Jeannie Farnsworth, MS, BS, CCRP, MRQA
Regional Clinical Scientist, ICON, and SOCRA National Board Member. Jeannie graduated with a Bachelor’s degree in Biology and Biochemistry with a minor in Business Administration from the University of Nevada-Reno. She earned her Master’s in Clinical Investigations from MGHIHP in association with Harvard Medical School. She has over 19 years of experience as a study coordinator, contractor, consultant, and monitor working on both drug and device clinical trials, predominantly assisting sites with study startup, protocol procurement, trial operations, and staff training. Her experience ranges from pediatric endocrinology and diabetes to ophthalmology and neurology. Her love and respect for this industry stemmed from her cherished relationships with study patients in all stages and phases of research. She is thrilled to teach at Clinical Research Fastrack to advance the field and process of Clinical Research.
Jeff Repper, BATSC
Executive Vice President at Transformative Pharmaceutical Solutions. Experienced Vice President with a demonstrated success working in the clinical research and health care industries. Strong professional skilled in leadership, management, and budgeting.
Jennifer Kocour, MPH
Chief Operating Officer at CCT Research. Jennifer Kocour is an instructor at Clinical Research Fastrack and has also served as Senior Director of Operations at Synexus Research, the largest integrated clinical research network in the world. She began as a Research Assistant, gained experience as a Study Coordinator, and later managed sites as a Regional Director. Currently, she is the Chief Operating Officer at CCT Research. She holds a Bachelor’s degree in Biology from Arizona State University and is a Certified Clinical Research Coordinator.
Jessica Twyford, MS, CCRC
Clinical Research Associate II, LabCorp. Jessica is professional, personable and passionate about clinical research!
Jill Lemna, MBA
Program Manager, Clinical and Regulatory Program Management, Exact Sciences. Jill has an extensive business background and knowledge relating to the clinical research industry. She worked for Translational Genomics Research Institute (TGen) for over eight years as a Business Development Manager. In her role, she managed a $10 million budget within her division, built strategic launch plans for commercialization opportunities, in addition to reviewing and negotiating legal agreements and contracts. In 2011, Jill left TGen to work for HonorHealth Research Institute in Scottsdale, Arizona. She served as the Director of Operations for Clinical Research Programs for six years. In this leadership position, Jill oversaw multiple program budgets, increased the annual programs’ revenue by 10 percent per year, and represented the organization in negotiations with sponsors, agencies, and philanthropists. In 2016 she accepted the role of Director of Strategic Planning and Support Services for HonorHealth; in which she guides strategic planning and execution of business, operational, and marketing communication strategies. She now serves as the Program Manager in Clinical and Regulatory Programs, at Exact Sciences.

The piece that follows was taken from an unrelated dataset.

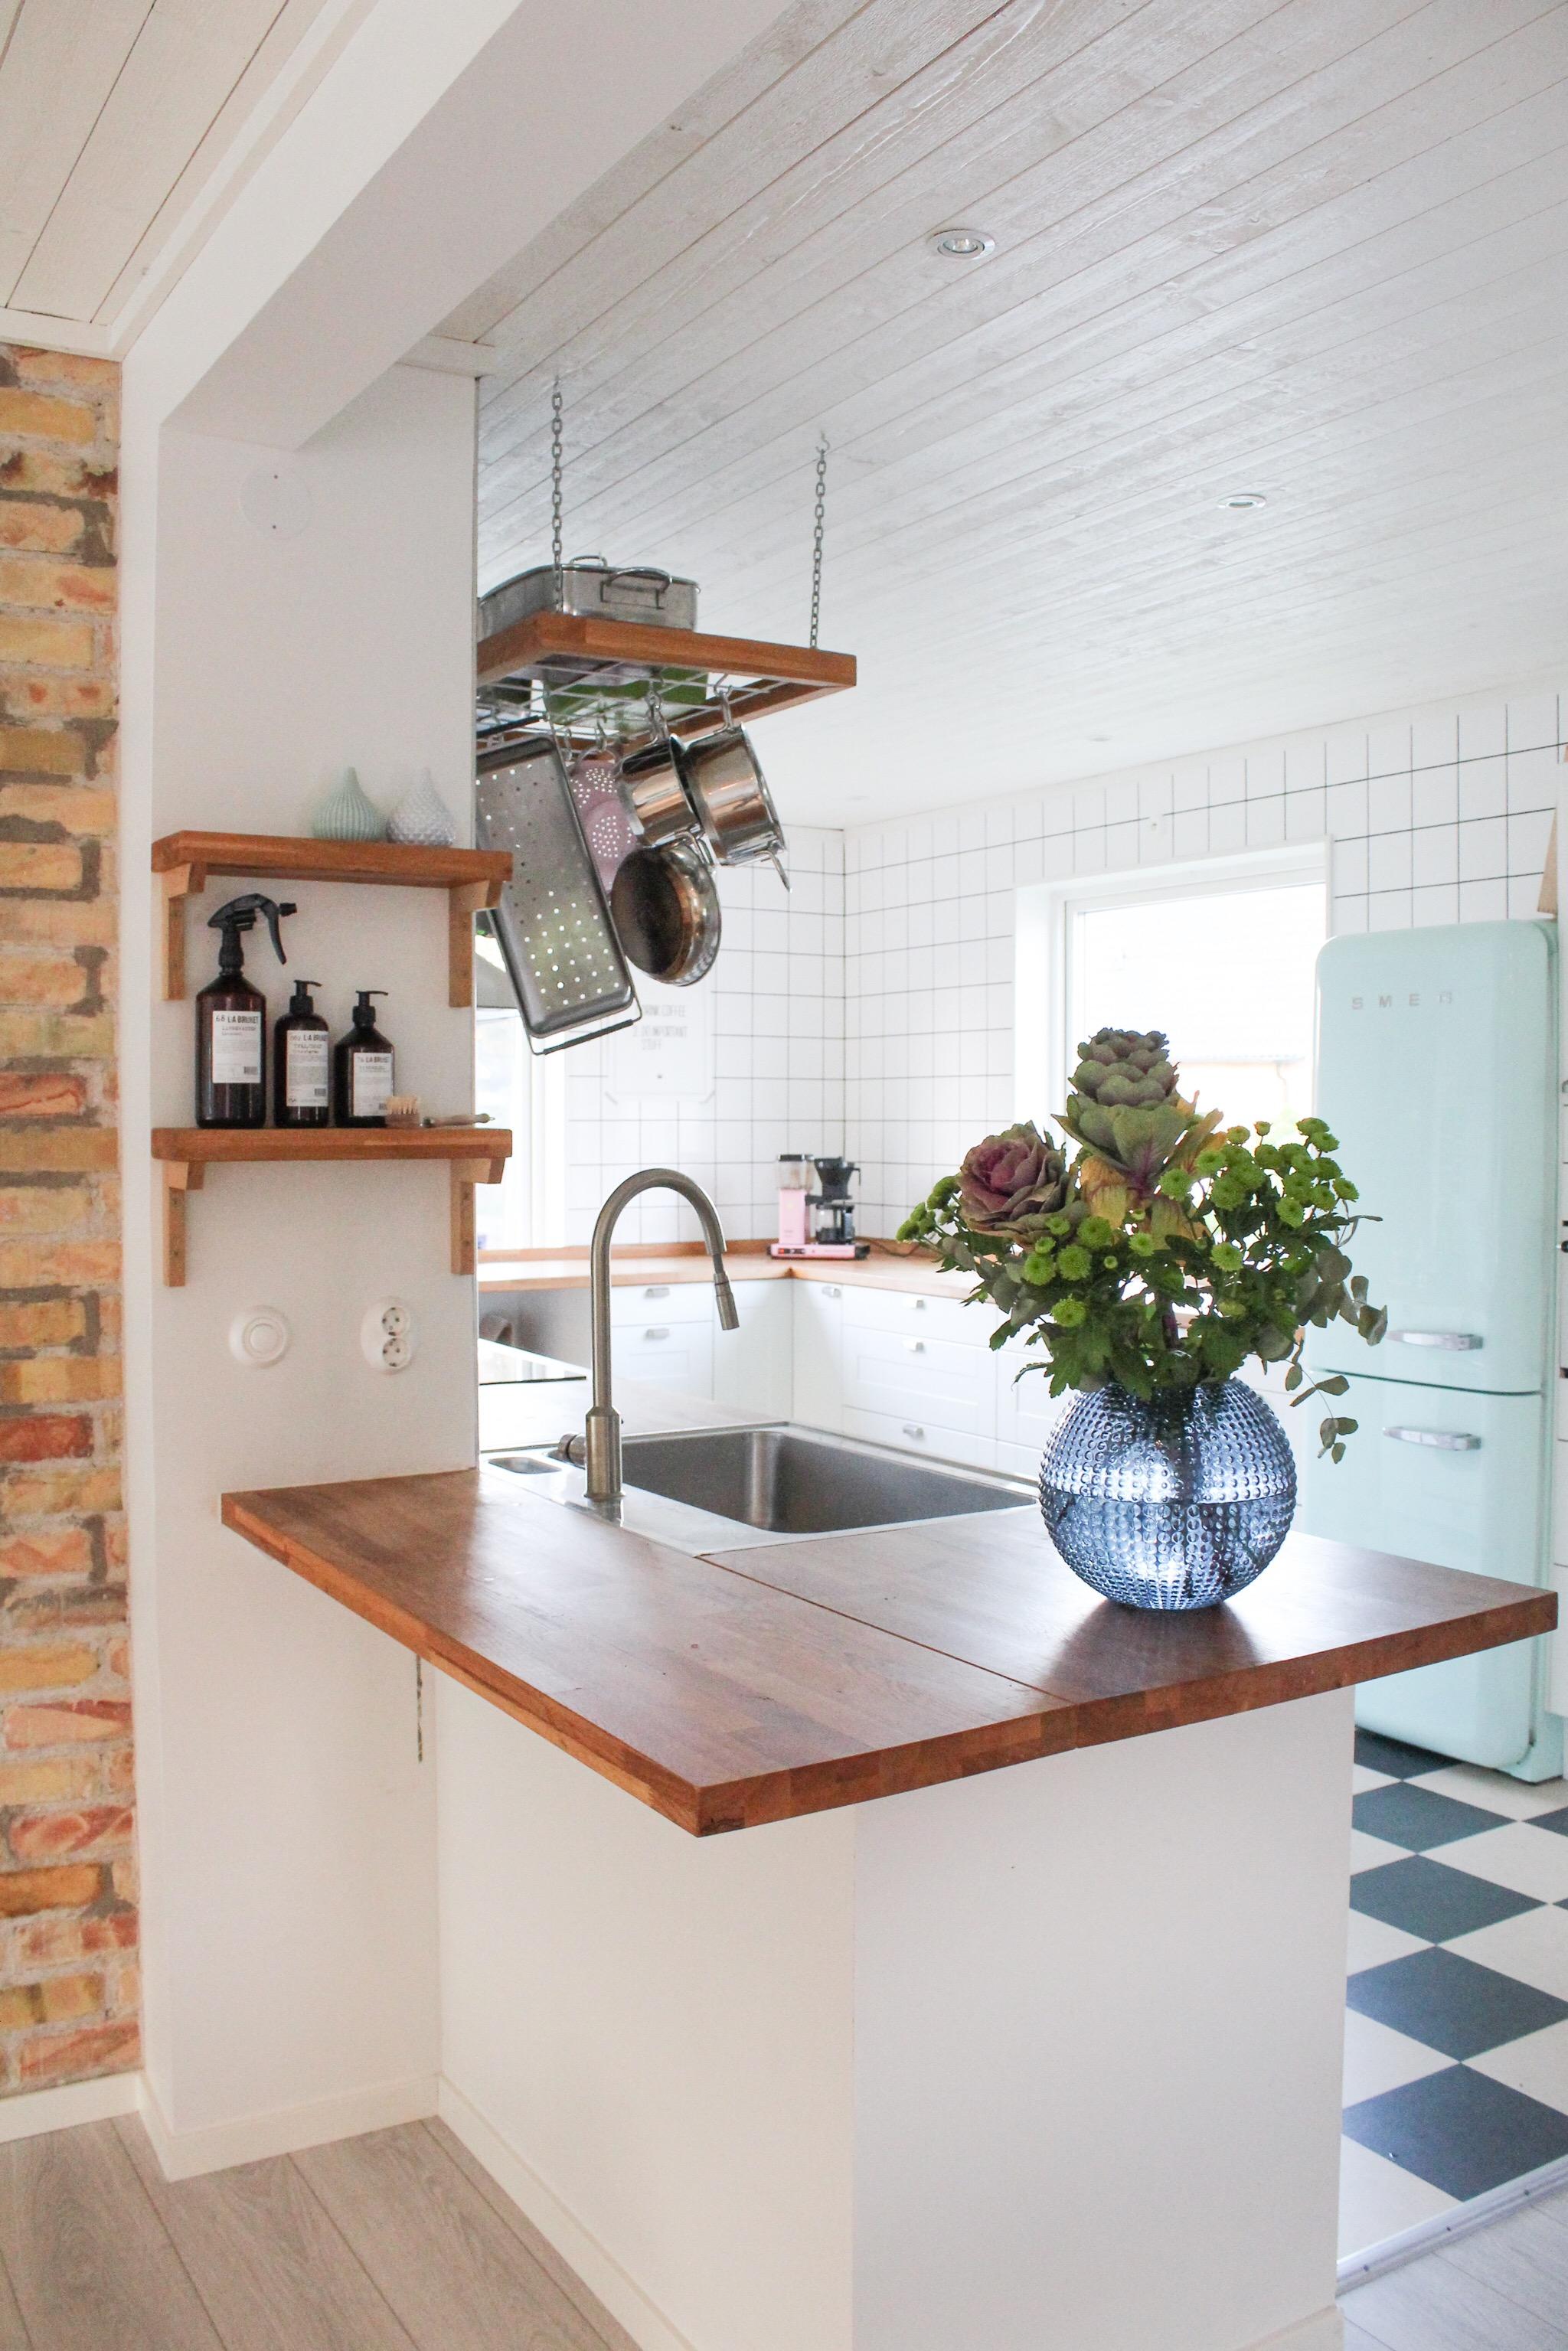 Kaffe på stående fot i köket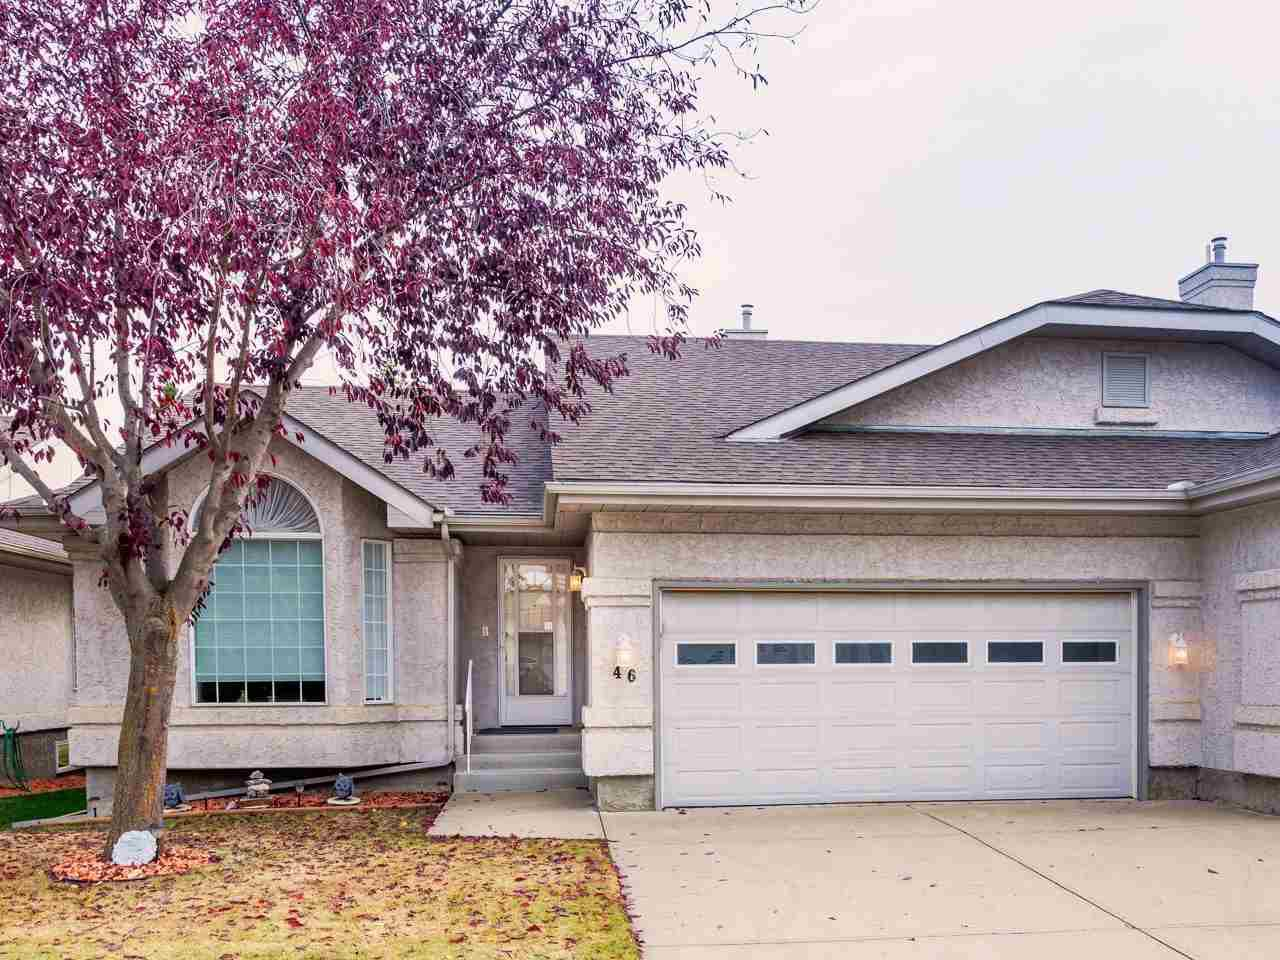 Main Photo: 46 303 TWIN BROOKS Drive in Edmonton: Zone 16 House Half Duplex for sale : MLS®# E4217635

JJ (Hale) Lichtenwalner, MHA
Associate Project Lead, PPD. I am a professional and friendly person that continues to invest in myself to grow and challenge myself. I thrive on learning and helping others learn so we can all continue to attempt to help improve others’ lives.
John Carlos Diaz, MS
Clinical Research and Strategy Lead, Project Management, GeoSera LLC. John Carlos Diaz is the President and Owner of GeoSera Consulting, a Minority Business Enterprise that specializes in Clinical Research and Operations and executing Clinical Development Plans across multiple clinical trials. Prior to starting his own consulting company, John Carlos worked in Clinical Research for 10 years as a Clinical Operations Leader tasked with delivering endpoints within timelines and budgets. John Carlos has had various Clinical Operations roles with increasing levels of responsibility. Beginning at Merck in 2008, in Clinical Pharmacology through Cephalon/Teva managing phase I – IV, global, adult/pediatric clinical research from 2010 to 2015 and finally as the Clinical Operations leader for Braeburn Pharmaceuticals pipeline. Prior to entering the Clinical Research role, John Carlos was a Sr. Scientist at GSK within Drug Metabolism and Pharmacokinetics. After graduating from New York University in 2002 with a Bachelors in Biochemistry, John Carlos expanded his education base by obtaining professional certificates in Finance and Accounting from The Wharton School at the University of Pennsylvania, Clinical Research at Villanova University while finishing a Master’s degree in clinical research at George Washington University.
Jules Frisoli, CP
Principal Consultant, Phase 5 Clinical Research LLC. Jules is a dedicated, hardworking certified professional with 22 years of pharmaceutical industry experience with increasing responsibilities along his journey in clinical research. Oversight of monitoring has been his focal point for the last 8 years therefore, mentoring, managing, training, and remediating site personnel and CRAs is his expertise. Some of the areas Jules has worked in over the years include the following: TMF file auditing, FDA regulation, ICH GCP, CRO/Vendor management training, and more.
Kasey Boynton, BS
Director, Clinical Development at Syneos Health. Kasey Boynton brings over 12 years of combined experience in the development and implementation of global clinical programs within CROs, academia, and biotech companies. She has extensive experience in leading complex clinical protocols, cross-functional oversight and strategic execution that produces on-time results while fostering a highly-productive team environment. Kasey is a certified clinical research professional with extensive knowledge of ICH/GCP guidelines within the US, as well as governing authorities abroad. Kasey is based in Atlanta, GA and is an avid musician and fitness enthusiast.
Kelly Cummins, BS
Senior CRA (Level 1) at PPD. Working as a CRA has brought on a new adventure and I look forward to gaining more knowledge with PPD in Phase I research.
Kenyetta Sims, M.A., CCRC
Director of Clinical Research, Howard Brown Health. I am a self-motivated clinical research director/coordinator with management skills sets and education; I have an aptitude for managing people and projects without difficulty in multi-tasking and meeting deadlines.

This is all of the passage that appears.